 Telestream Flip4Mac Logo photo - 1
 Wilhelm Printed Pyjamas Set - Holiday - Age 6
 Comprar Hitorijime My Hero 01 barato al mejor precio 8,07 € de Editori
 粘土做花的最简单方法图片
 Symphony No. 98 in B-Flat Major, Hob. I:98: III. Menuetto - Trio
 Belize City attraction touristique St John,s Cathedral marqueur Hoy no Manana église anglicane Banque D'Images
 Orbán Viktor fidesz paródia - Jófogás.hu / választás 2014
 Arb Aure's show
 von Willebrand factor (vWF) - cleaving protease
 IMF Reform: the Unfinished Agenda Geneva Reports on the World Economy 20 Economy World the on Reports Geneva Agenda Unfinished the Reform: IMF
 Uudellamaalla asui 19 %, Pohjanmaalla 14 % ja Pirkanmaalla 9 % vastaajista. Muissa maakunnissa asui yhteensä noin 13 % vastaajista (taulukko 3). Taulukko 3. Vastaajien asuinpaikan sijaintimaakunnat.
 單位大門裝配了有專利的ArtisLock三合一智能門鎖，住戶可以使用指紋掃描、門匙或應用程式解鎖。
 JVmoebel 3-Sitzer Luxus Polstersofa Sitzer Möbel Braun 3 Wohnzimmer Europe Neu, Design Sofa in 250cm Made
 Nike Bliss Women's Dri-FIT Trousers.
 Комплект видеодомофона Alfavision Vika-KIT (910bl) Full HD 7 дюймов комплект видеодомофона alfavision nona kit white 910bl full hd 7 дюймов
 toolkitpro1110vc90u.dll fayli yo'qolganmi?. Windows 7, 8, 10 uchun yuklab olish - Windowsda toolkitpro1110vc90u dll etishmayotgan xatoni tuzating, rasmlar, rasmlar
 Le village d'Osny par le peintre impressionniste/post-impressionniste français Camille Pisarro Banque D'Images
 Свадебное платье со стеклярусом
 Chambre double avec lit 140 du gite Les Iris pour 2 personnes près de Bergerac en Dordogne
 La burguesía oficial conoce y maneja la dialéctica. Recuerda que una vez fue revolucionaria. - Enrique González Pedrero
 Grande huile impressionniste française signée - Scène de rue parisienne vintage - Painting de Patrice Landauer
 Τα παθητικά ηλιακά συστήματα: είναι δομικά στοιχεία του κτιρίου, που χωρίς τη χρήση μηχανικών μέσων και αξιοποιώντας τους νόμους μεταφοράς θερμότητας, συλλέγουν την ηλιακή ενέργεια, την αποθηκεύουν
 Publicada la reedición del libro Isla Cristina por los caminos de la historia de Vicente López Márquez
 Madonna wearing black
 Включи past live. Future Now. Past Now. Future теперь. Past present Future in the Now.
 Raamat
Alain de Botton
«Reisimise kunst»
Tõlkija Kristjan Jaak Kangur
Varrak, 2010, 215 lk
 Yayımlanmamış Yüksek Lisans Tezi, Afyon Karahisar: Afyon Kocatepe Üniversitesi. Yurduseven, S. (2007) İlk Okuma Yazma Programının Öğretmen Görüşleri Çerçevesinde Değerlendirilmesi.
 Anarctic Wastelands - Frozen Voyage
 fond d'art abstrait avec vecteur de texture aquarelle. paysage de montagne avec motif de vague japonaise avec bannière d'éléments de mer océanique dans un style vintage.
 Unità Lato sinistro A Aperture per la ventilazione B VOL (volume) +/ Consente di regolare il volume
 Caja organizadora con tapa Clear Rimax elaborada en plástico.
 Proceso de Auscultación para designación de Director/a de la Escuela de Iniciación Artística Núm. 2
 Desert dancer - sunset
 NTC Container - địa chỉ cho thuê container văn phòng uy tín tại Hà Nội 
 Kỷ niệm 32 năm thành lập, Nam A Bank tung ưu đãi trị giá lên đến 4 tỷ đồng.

--------------------

§ **PROBLEM DETAILS**
What is needed is a word-for-word copy of all the records above.

§ **THE COMPLETED TASK**
 Telestream Flip4Mac Logo photo - 1
 Wilhelm Printed Pyjamas Set - Holiday - Age 6
 Comprar Hitorijime My Hero 01 barato al mejor precio 8,07 € de Editori
 粘土做花的最简单方法图片
 Symphony No. 98 in B-Flat Major, Hob. I:98: III. Menuetto - Trio
 Belize City attraction touristique St John,s Cathedral marqueur Hoy no Manana église anglicane Banque D'Images
 Orbán Viktor fidesz paródia - Jófogás.hu / választás 2014
 Arb Aure's show
 von Willebrand factor (vWF) - cleaving protease
 IMF Reform: the Unfinished Agenda Geneva Reports on the World Economy 20 Economy World the on Reports Geneva Agenda Unfinished the Reform: IMF
 Uudellamaalla asui 19 %, Pohjanmaalla 14 % ja Pirkanmaalla 9 % vastaajista. Muissa maakunnissa asui yhteensä noin 13 % vastaajista (taulukko 3). Taulukko 3. Vastaajien asuinpaikan sijaintimaakunnat.
 單位大門裝配了有專利的ArtisLock三合一智能門鎖，住戶可以使用指紋掃描、門匙或應用程式解鎖。
 JVmoebel 3-Sitzer Luxus Polstersofa Sitzer Möbel Braun 3 Wohnzimmer Europe Neu, Design Sofa in 250cm Made
 Nike Bliss Women's Dri-FIT Trousers.
 Комплект видеодомофона Alfavision Vika-KIT (910bl) Full HD 7 дюймов комплект видеодомофона alfavision nona kit white 910bl full hd 7 дюймов
 toolkitpro1110vc90u.dll fayli yo'qolganmi?. Windows 7, 8, 10 uchun yuklab olish - Windowsda toolkitpro1110vc90u dll etishmayotgan xatoni tuzating, rasmlar, rasmlar
 Le village d'Osny par le peintre impressionniste/post-impressionniste français Camille Pisarro Banque D'Images
 Свадебное платье со стеклярусом
 Chambre double avec lit 140 du gite Les Iris pour 2 personnes près de Bergerac en Dordogne
 La burguesía oficial conoce y maneja la dialéctica. Recuerda que una vez fue revolucionaria. - Enrique González Pedrero
 Grande huile impressionniste française signée - Scène de rue parisienne vintage - Painting de Patrice Landauer
 Τα παθητικά ηλιακά συστήματα: είναι δομικά στοιχεία του κτιρίου, που χωρίς τη χρήση μηχανικών μέσων και αξιοποιώντας τους νόμους μεταφοράς θερμότητας, συλλέγουν την ηλιακή ενέργεια, την αποθηκεύουν
 Publicada la reedición del libro Isla Cristina por los caminos de la historia de Vicente López Márquez
 Madonna wearing black
 Включи past live. Future Now. Past Now. Future теперь. Past present Future in the Now.
 Raamat
Alain de Botton
«Reisimise kunst»
Tõlkija Kristjan Jaak Kangur
Varrak, 2010, 215 lk
 Yayımlanmamış Yüksek Lisans Tezi, Afyon Karahisar: Afyon Kocatepe Üniversitesi. Yurduseven, S. (2007) İlk Okuma Yazma Programının Öğretmen Görüşleri Çerçevesinde Değerlendirilmesi.
 Anarctic Wastelands - Frozen Voyage
 fond d'art abstrait avec vecteur de texture aquarelle. paysage de montagne avec motif de vague japonaise avec bannière d'éléments de mer océanique dans un style vintage.
 Unità Lato sinistro A Aperture per la ventilazione B VOL (volume) +/ Consente di regolare il volume
 Caja organizadora con tapa Clear Rimax elaborada en plástico.
 Proceso de Auscultación para designación de Director/a de la Escuela de Iniciación Artística Núm. 2
 Desert dancer - sunset
 NTC Container - địa chỉ cho thuê container văn phòng uy tín tại Hà Nội 
 Kỷ niệm 32 năm thành lập, Nam A Bank tung ưu đãi trị giá lên đến 4 tỷ đồng.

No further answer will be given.